Every day you learn small facts, like the name of a new colleague. How do you learn these? People tell you them, or you find them out somehow. But what does it mean to say that you’ve learnt a fact like someone’s name? I’m terrible for forgetting people’s names as soon as I am introduced to them. So just hearing the name doesn’t count as learning it. Learning it means more than just being aware of it briefly, it also involves committing it to memory in some way, perhaps through use or some kind of memory aid. This is the most basic form of learning, I.a. on the typology provided by ocTEL.

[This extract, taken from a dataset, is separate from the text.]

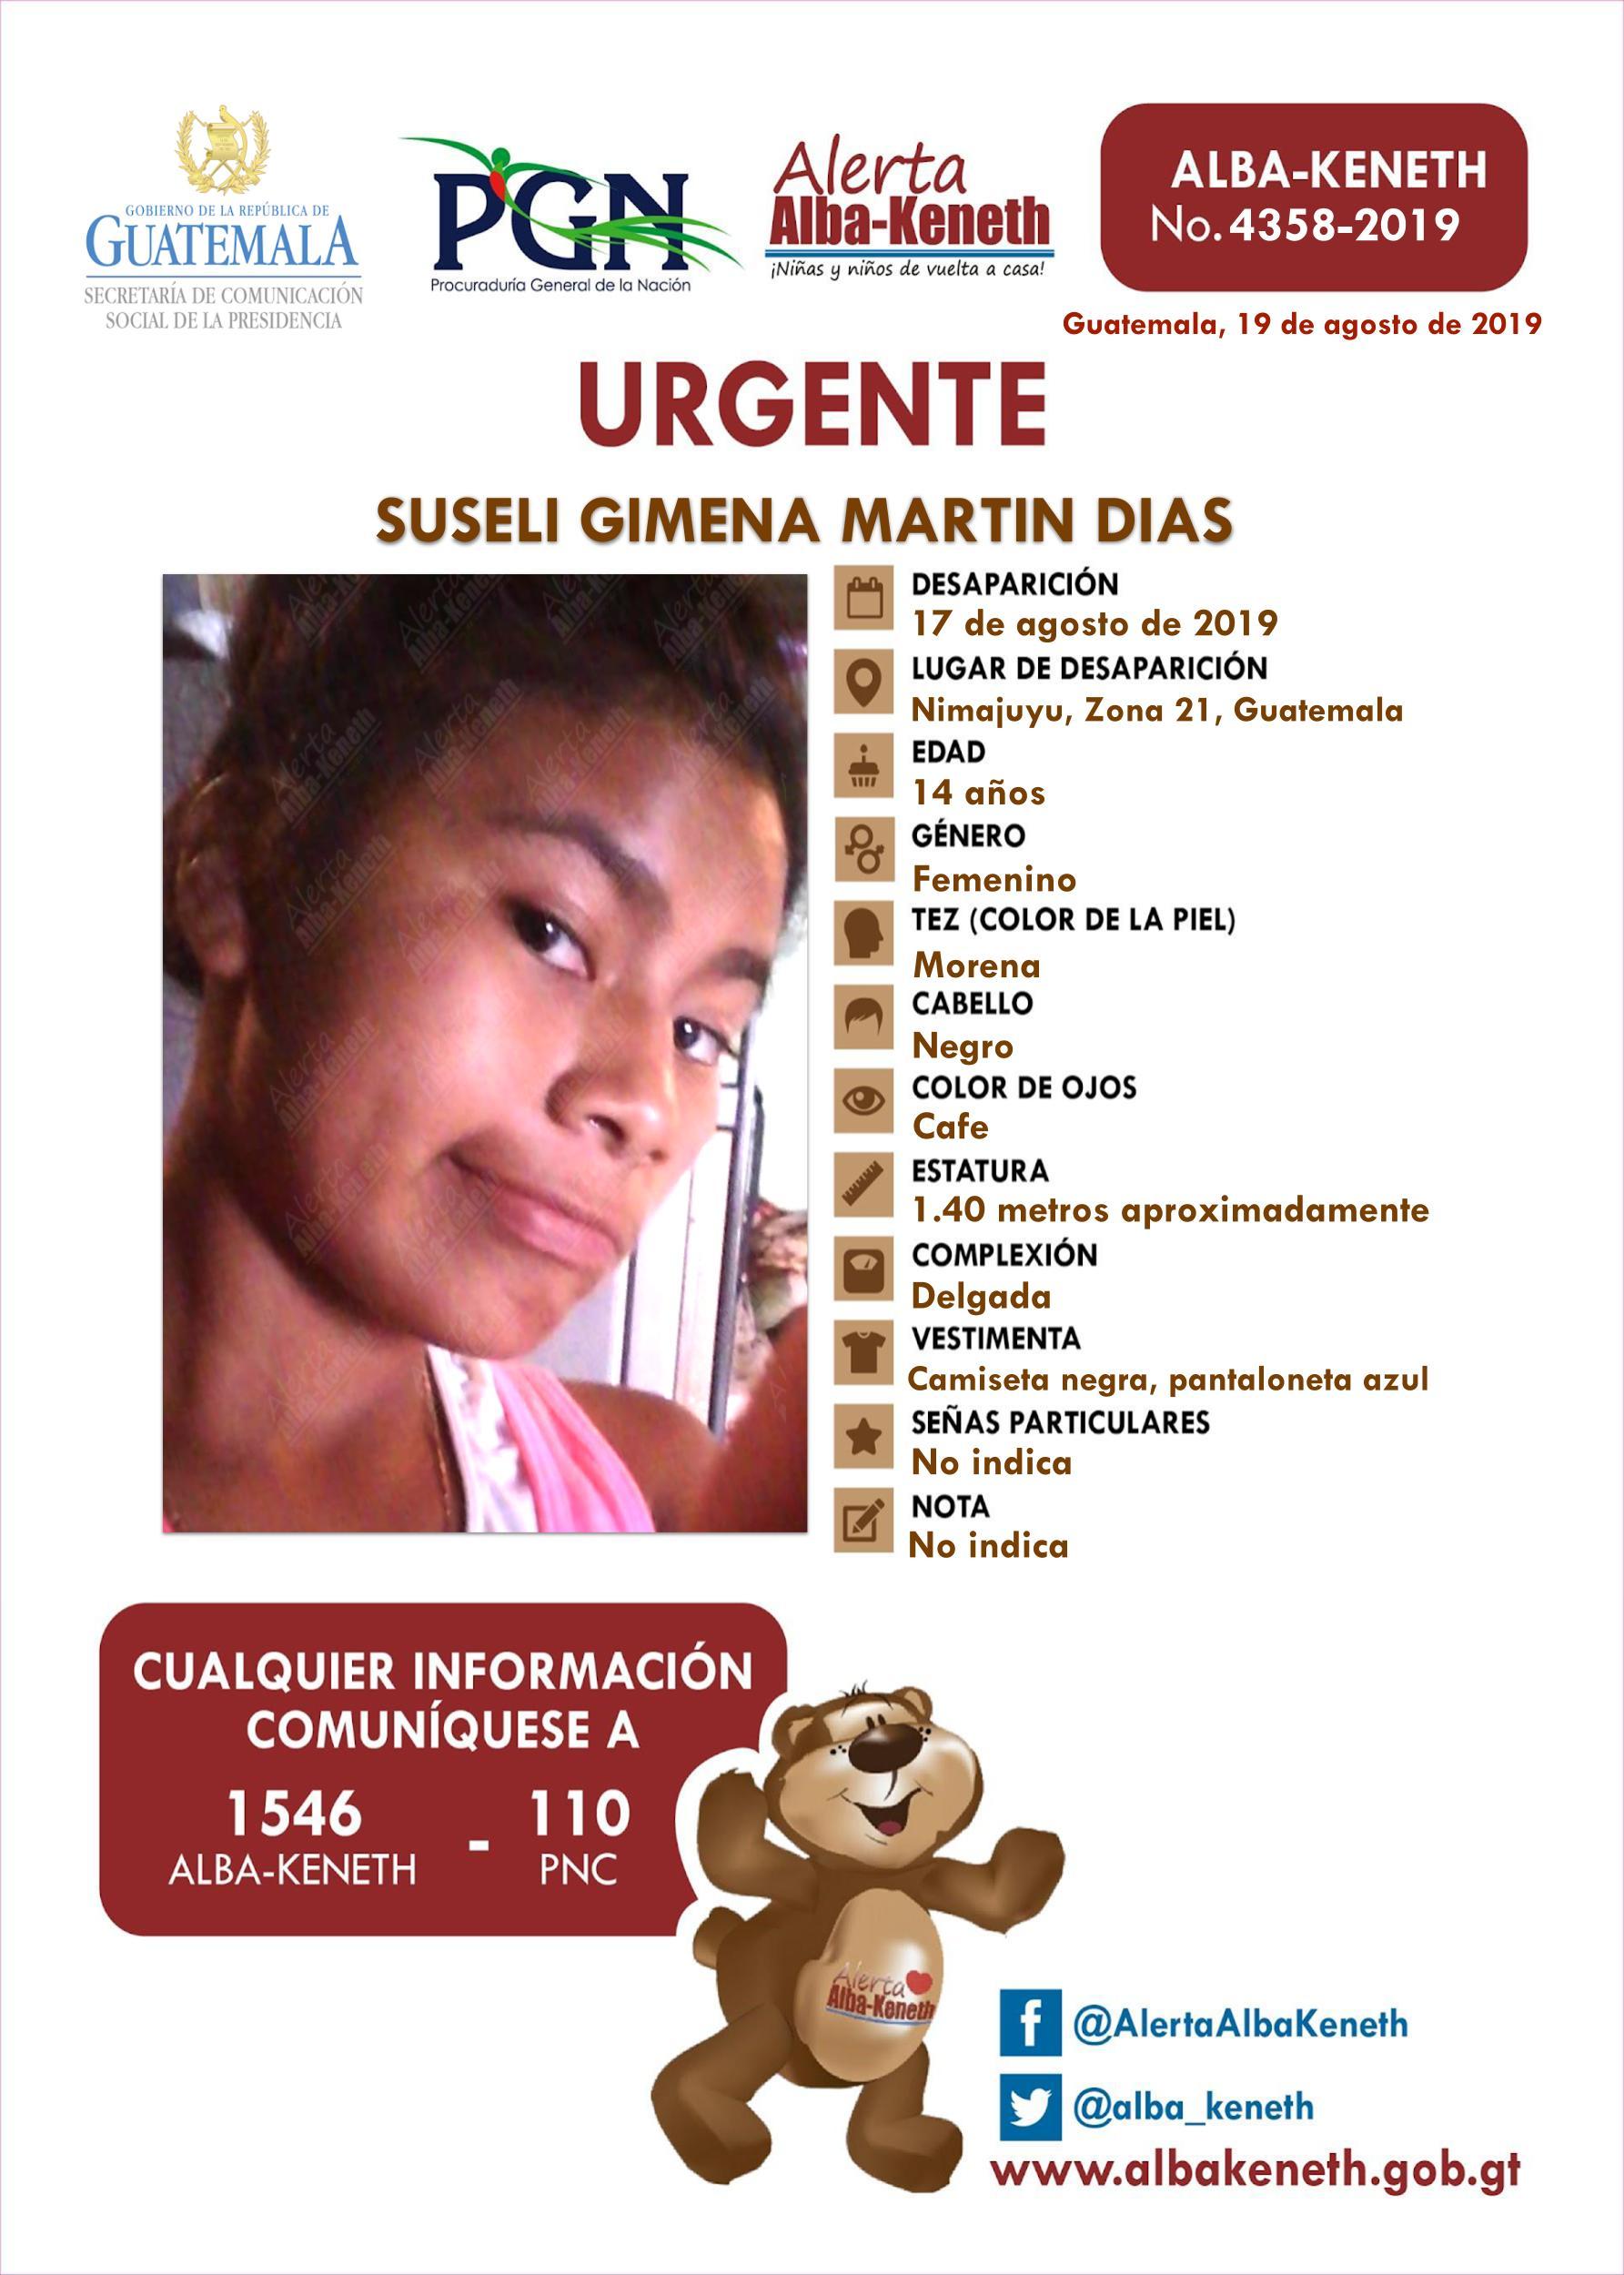 Suceli Gimena Martin Dias

The more complex forms of learning in the typology (II. know-how and III. knowing in action) are harder to pin down. Yesterday I learnt how to lengthen the cord on a grass strimmer (the sun was out and the grass needed a cut). I learnt how to do it by trial and error, prodding and swearing at various bits until it did what I wanted it to do. I could have learnt how to do it by reading the manual, but I’m not sure I’d have been confident to say that I’d learnt how to do it until I’d successfully had a go in practice. So would having read he manual and understood the process in theory counted as know-how, whilst being successful in practice count as knowing in action? I think this is a fairly simple example of these kinds of learning – a specific task that I learnt how to do. More general skills, such as critical analysis, or facilitation of online discussions, are much harder to analyse in terms of the learning process.

That’s as far as I’ve got with this so far. I’m determined to catch up with some of the other activities so I’m not going to spend any more time on this for now.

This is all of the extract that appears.